On -isms: The Hulk Metaphor

By | Thursday, November 27, 2014 Leave a Comment
Although the Hulk was initally conceived as a variation on the Jekyll and Hyde story, the character fairly quickly morphed from an id-driven brute to the green rage-monster most people are familiar with. I think the original concept didn't quite catch on (recall that The Hulk was originally cancelled after six issues) because people had trouble connecting with the idea. Everyone has some level of super-ego that keep their impulses in check. But the idea of getting so angry that you just lash out, I think that's more relatable. You might not actually be able to, and your super-ego might be strong enough to keep that in check, but the desire is still there.

Much of what writers have done with the Hulk, then, is to show the struggle Bruce Banner has keeping from getting angry. The classic line from the TV show hits right on this point: "Mr. McGee, don't make me angry. You wouldn't like me when I'm angry."

But it was another line of spoken dialogue that upset a number of fans.
"That's my secret, Cap. I'm always angry."

That implies Banner is always in control of when/where the Hulk shows up. That's not the character as we've seen in the past. That's not the unmitigated unleashing of all your anger and frustration with a defeaning, unintelligble roar.

I was chatting with one of my cousins-in-law a couple months back. He was talking about how he was trying to mentor a younger guy in his early 20s, and they got into a disagreement about something. I forget the specifics, but it amounted to my cousin saying that you can't lose your shit at the drop of a hat or else you'd wind up in prison or shot. This guy responded that there was a lot of things that made him angry. To which my cousin responded that he got angry too. He was angry at the phone company for screwing up his bill. He was angry at the stupid crap some of his co-workers do. He was angry at the guy who cut him off in traffic. He was angry at his local politicians for blocking a ballot measure that his city sorely needed to pass. He was angry at what's been happening in Ferguson. He was angry that the people of Ferguson needed to get tips from activists in Palestinie and Egypt for dealing with out-of-control law enforcement. He was angry that we live in a culture that repeatedly devalues the lives of kids like Trayvon Martin. He was angry that he has to deal racism every single day.
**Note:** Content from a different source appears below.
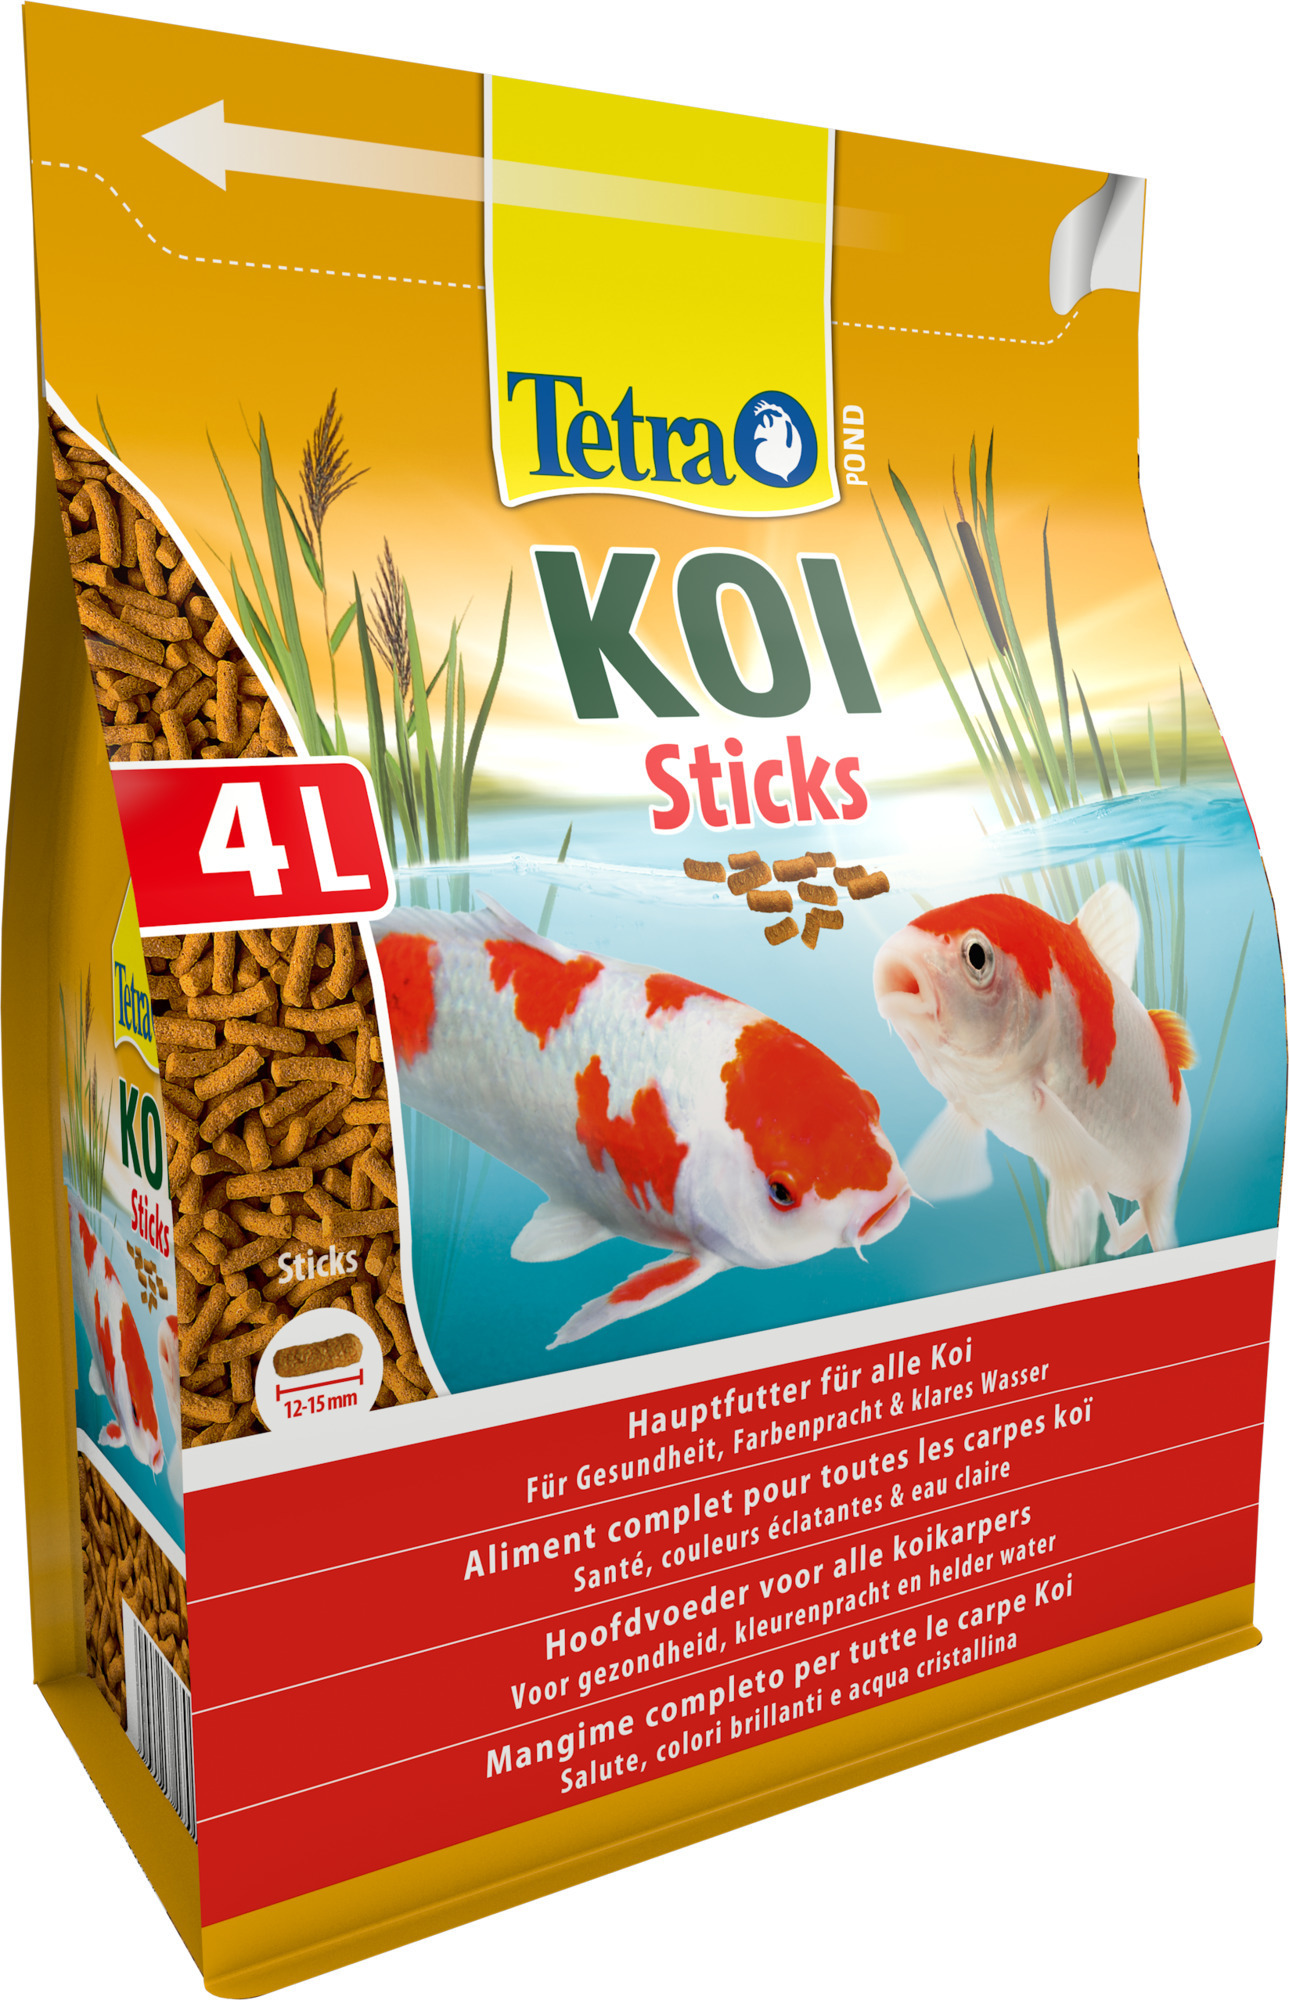 Pond Koi Sticks 4 Liter

But he can't let that out all the time. He wouldn't be able to hold a job or a secure place to live. It's not that he can't react to all that; he just reacts in a way that's rationable and reasonable. Now, if he were to get into a situation where his life was literally be threatened, that's when it'd be okay to lose your shit. If some redneck picks a fight with him in a bar. If a mugger tries to steal his wallet. You can believe he would defend himself with every bit of adreline he's saved up from the bad day at the office to Ferguson to everything else. That's when and where it'd be okay to use his anger and direct it appropriately.

"That's my secret, Cap. I'm always angry." Bruce Banner said it. Every Black person in America felt it.